From this you can see that with just 2 players, Ace Hearts + Queen Spades is now clearly better. This may look inexplicable until you examine where the wins are obtained. In the 6 player case AH + QS is hardly ever winning with a simple pair (10%), as with 6 players the chance of a stronger hand winning is much higher. About 33% of the wins are dependent on a Straight or higher. However with just 2 players a simple pair is much more likely to be the winning hand, accounting for 39% of all wins with a Straight or higher only providing 13%.

This gets somewhat more complex once "The Flop" has been played as general guidelines are less helpful as the probability calculations get more difficult. Happily Monte Carlo has no problems with this and any complex combination of hand and table cards is just as easy to estimate.

Preparing for Learning

Computer learning has a seductive appeal as it maybe suggests that the engineer can get away with a minimal evaluation framework and leave it to automated learning to find the desired evaluation. However this falls down. As many AI engineers will attest most computer learning sessions actually yield nothing. The AI engineer is relieved of some important aspects of tuning but still has to create the viable core. Assessing what is needed:

Firstly computer learning depends first on an evaluation framework that is actually capable of expressing the desired winning evaluation. If no combination of terms results in good play, then automated learning will not find it.

Secondly you need to have a framework that is constructed so that it is amenable for learning. If the framework is oversensitive to the exact solution and cannot allow the expression of similar sub-optimal solutions, then the learning will have a hard time finding its way to getting the right result.

Finally "learning" can take many possible forms. As described in the earlier Evaluation by Hill-climbing: Getting the right move by solving micro-problems the natural way to reach the correct solution is to incrementally hill-climb to the desired summit. This is the core idea behind most AI learning.

Creating a Game Engine Core before Learning

To get started it is necessary to create the evaluation framework. This is dark art that requires both inspiration as well as logical analysis. The core to this is assessing the likely return for the required bet. On a simplistic level betting $10 with a 20% chance of winning $50 is the break-even point. If the winnings were $60, then this looks a good bet, whereas $40 might not. Of course we do not have this as a nice clear exact probability estimate as the probability depends on other game information other than just raw probability. If you are in the PreFlop and three players before you have raised, then this raw probability estimate is probably somewhat optimistic. If you are the first to bet and there are 8 players to follow you, you have to realise that it is quite likely that one or more of these will have had significantly above-average cards and this should skew your assessment.

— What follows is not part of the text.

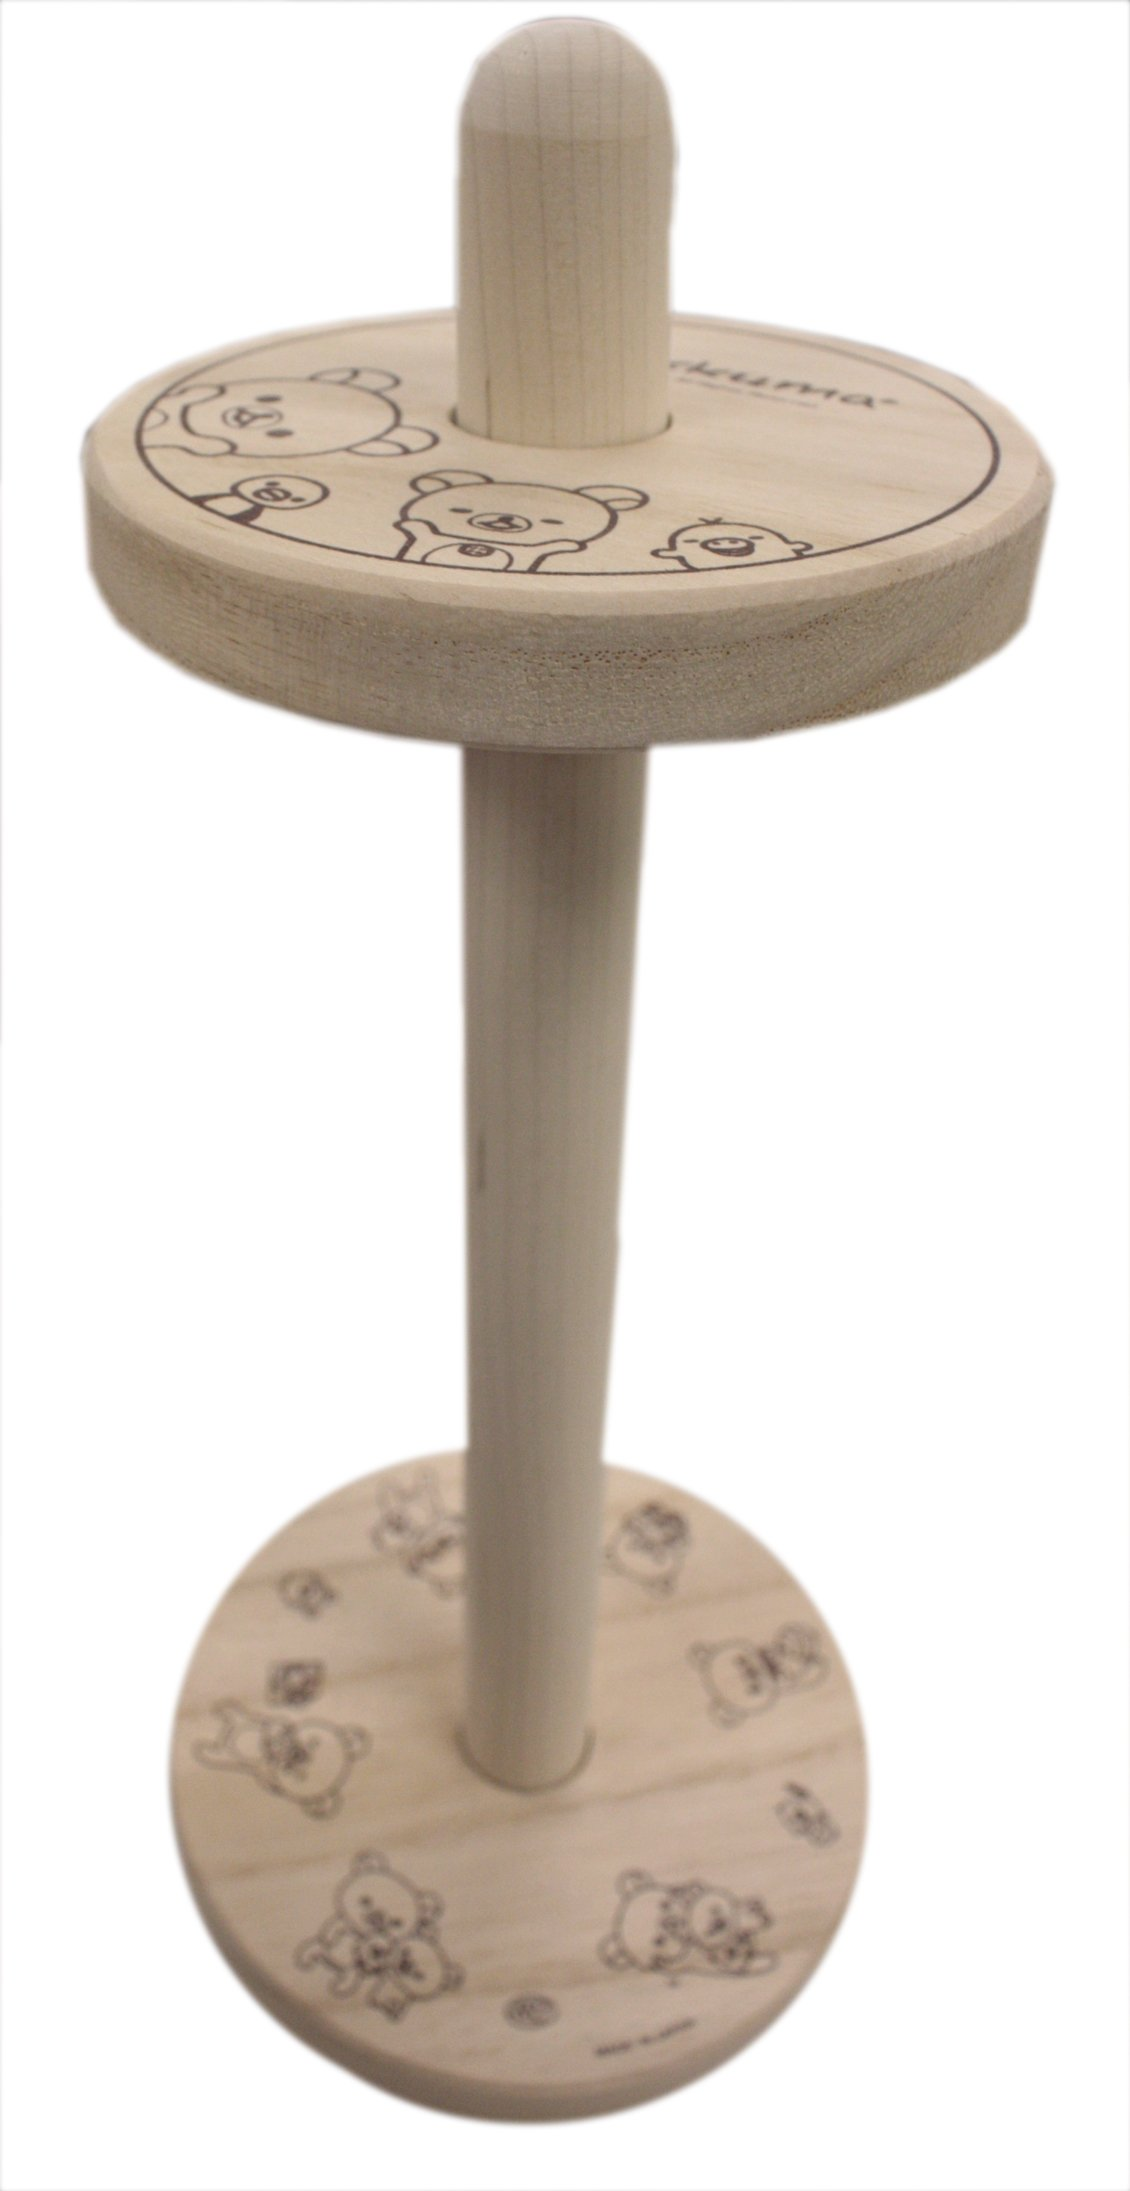 RK / I kitchen paper holder (japan import)

The method used to put this together was to create a series of linear terms that factored in a number of terms that could impact the player decision. The initial set had 22 such terms, each expressing some aspect of play. The values to be learnt were set so that they each ranged between 0 and 100. To allow these to be learnt from, it is desirable that the likely "correct" setting is not heavily skewed to one end. It will not be good if the optimum setting in a range is 0 in the range 0->100, as this implies some other lower setting may be correct.

Adding Explicit inference to the Game Engine

Above I indicated that the Monte Carlo projection did not care about game progression: it only assessed the cards it could see. However this is unnecessarily inadequate. The next essential step is to allow the Monte Carlo projection to skew its choice of dealt cards by reading player responses. If a player calls in the first round, "Pre Flop", and then suddenly raises heavily in the second round, "The Flop", then it is very likely that the player has cards that connect with the 3 cards played to the table. So if the table has AH + JS + 6C, then we can make a series of inferences about the likelihood that the players also has A+J+6 and also cards in sequence. By the same measure, if a player fails to raise or bet in The Flop, it is an indication the table cards probably failed to improve their hand.

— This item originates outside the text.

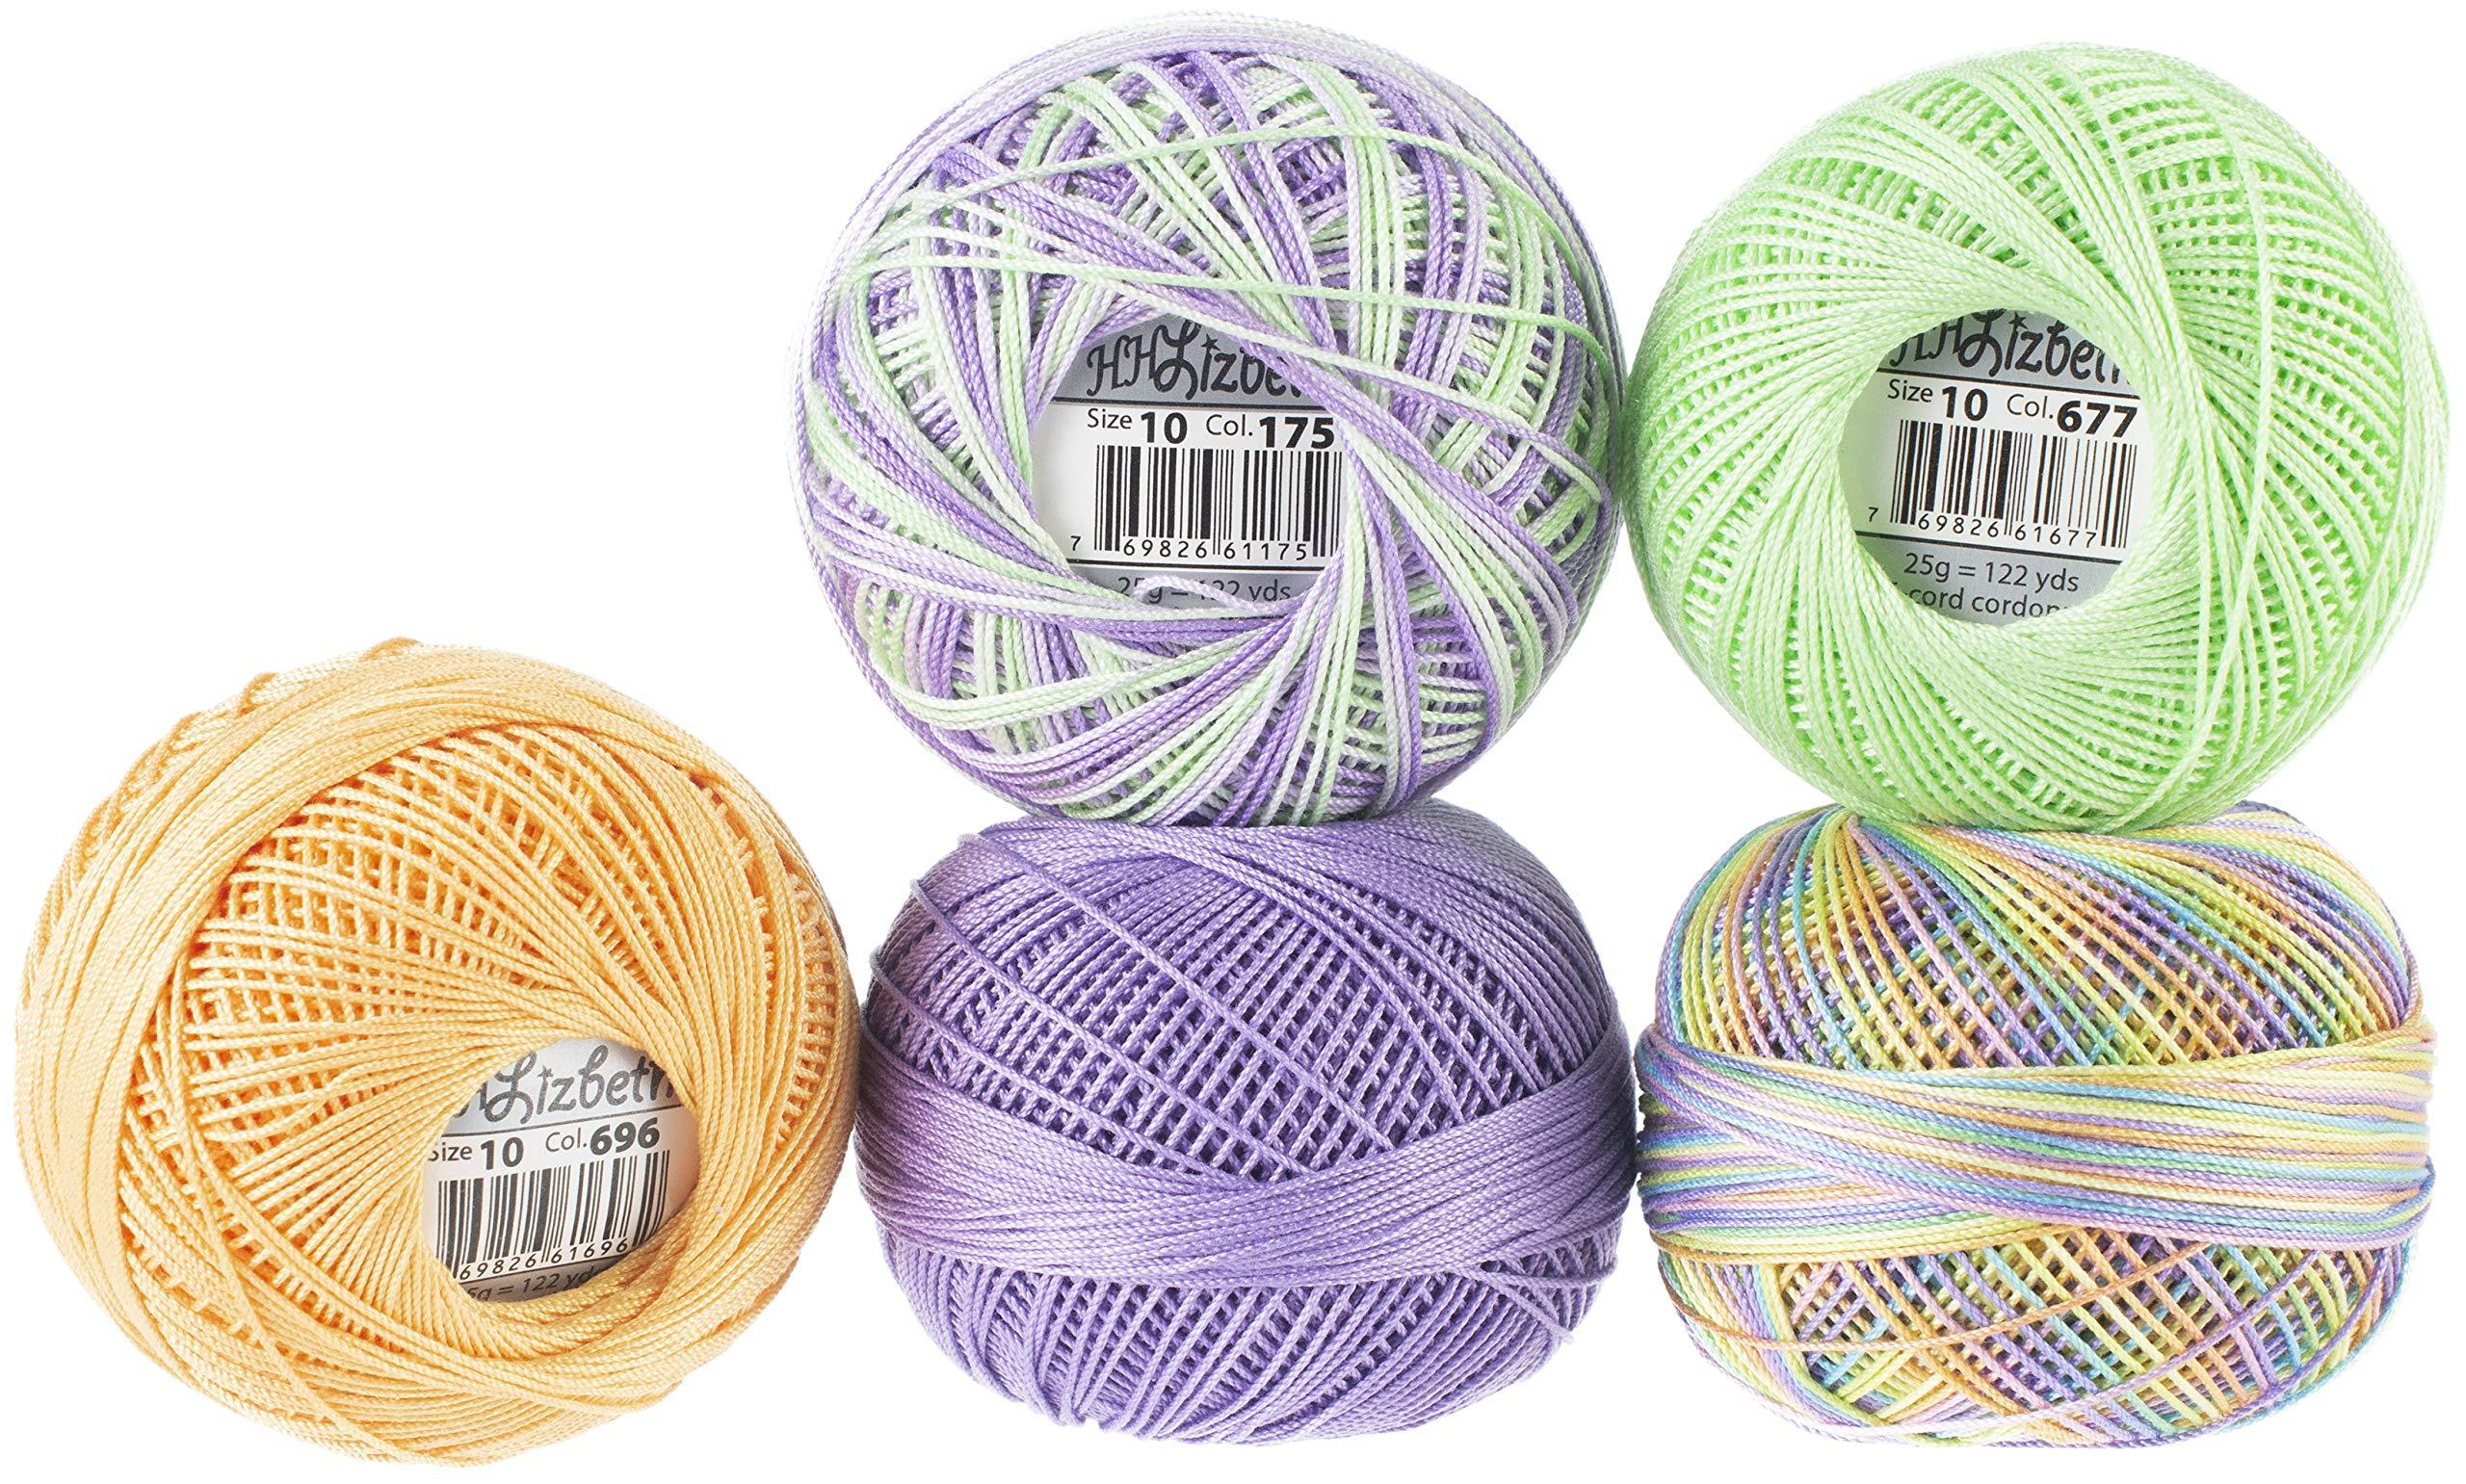 Handy Hands Lizbeth Specialty Pack Cordonnet Cotton Size 10-gum Drop 5/pkg

The engine makes use of this by making a number of positive and negative inferences, so that an estimation that player X has an Ace means that during projection that they will more likely be dealt an Ace. This method is described in the earlier article Predicting Game States in Imperfect Information Games, which showed this used in the simple game of Gin Rummy.

Ready to Start Learning

Now we have a set of learnable parameters and an engine that may be able to represent a winning evaluation. The next step is to consider how we do this. Plan A might be to simply seed the parameters with initial plausible values and set the program off modifying and testing these to detect in which direction each parameter needs to be adjusted. The hill below represents this assumption. Of course it projects this as a 2-parameter climb, which has a comprehensible 3D visual representation, but actually our hill is not 3 Dimensional but 22 Dimensional.

The ideal case: The single hill climb

However this single hill is a somewhat optimistic assumption. A more likely scenario is the following multi-hill situation below. Here there are many possible hills. We need to know if there are multiple hills and a means of avoiding getting stuck on some local sub-optimal maxima:

many hill climb
Many hills: We climb "B" but should be on "A"

This situation is not only possible, but regrettably very likely. To take a simple instance of this, it is very easy to have two evaluation terms that complement each other, so that if one increases the other needs to decrease. If you are simply modifying a single term and testing, you will never be able to detect the 2-parameter optimum point. However it is worse than that as we actually have 22 terms, so the possibilities become endless.

Learning Scheme one: Climb all Hills

In the literal sense we cannot exhaustively climb all hills as the possible space to explore is endless. There are vastly more possible parameter combinations than there are atoms in the known universe. The scheme we have used to get started is to randomly try all hills and allow these to compete with each other. This is done by randomly selecting each parameter and then testing for success or fail. If the parameter succeeds then the terms used get a vote or no vote if they fail.

If this is allowed to free run then the rate that good parameters succeed will be low as they will be combined with poor random values of other parameters. The end product has so much "bad value" noise that nothing useful would come of it.

However, in our scheme, the chance that a parameter will be chosen will depend on whether it has been previously successful or not. The graph below shows an example of this.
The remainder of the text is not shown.